As mentioned, the private foundation is a foundation but a specific and flexible form thereof. The private foundation is, like other foundations, a separate legal entity, with assets and liabilities in its own name. Furthermore, a private foundation neither has shareholders, members or the like. Beneficiaries do not have to be appointed if such appointment is not desired.
Therefore, the purpose of a private foundation may include the making of distributions to incorporators and or others, such as children or grandchildren of the founder, without serving a charitable or social purpose. Beneficiaries of such distributions can – but are not required to – be appointed/designated in the articles of association, and if such is done, either in very general or very specific terms.

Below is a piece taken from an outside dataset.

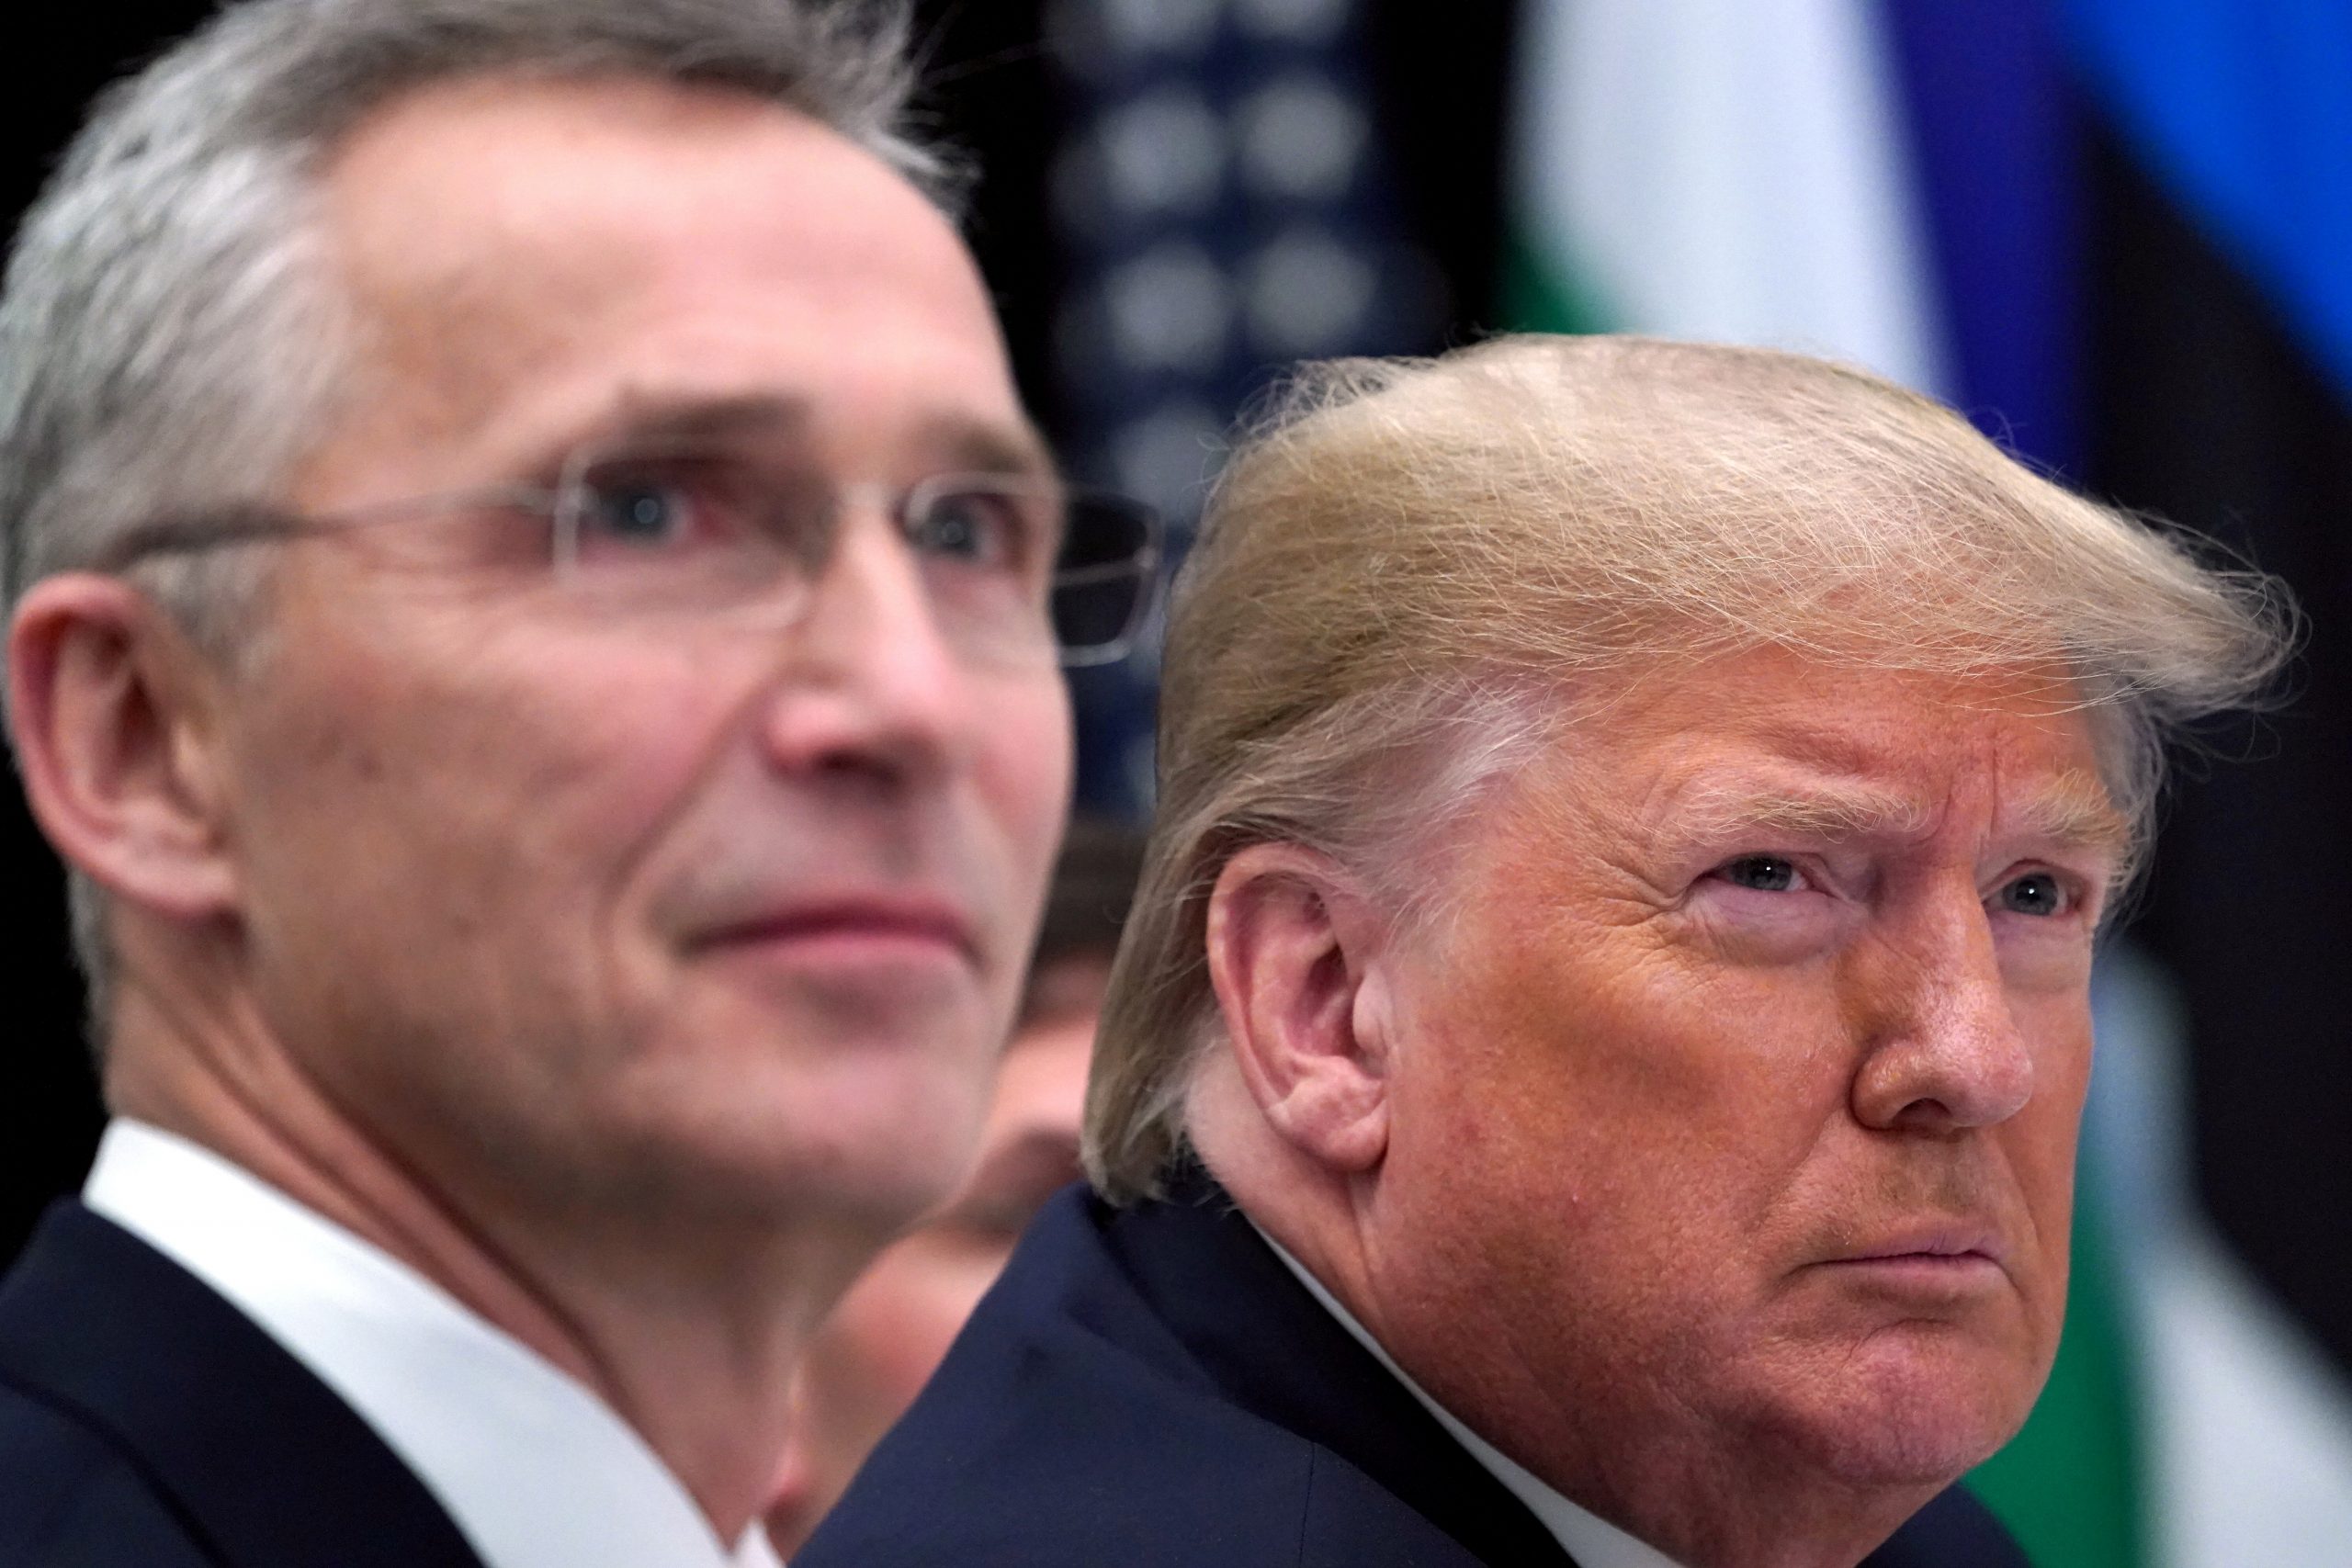 FILE PHOTO: NATO Alliance summit in Watford FILE PHOTO: U.S. President Donald Trump reacts next to NATO Secretary General Jens Stoltenberg as they attend a working lunch during the NATO leaders summit in Watford, Britain, December 4, 2019. REUTERS/Kevin Lamarque/File Photo Kevin Lamarque

Another major difference between common and private foundations is that the private foundation’s purpose may not be to conduct a business or enterprise for profit. Managing its assets (investments, equities etc), to act as a holding corporation, or to participate as a partner in a limited partnership, will however not be regarded as ‘conducting a business’. Under the provisions of Book 2 of the Civil Code, the foundation may and should invest its assets and may do so actively. There are no limits on the type of investments.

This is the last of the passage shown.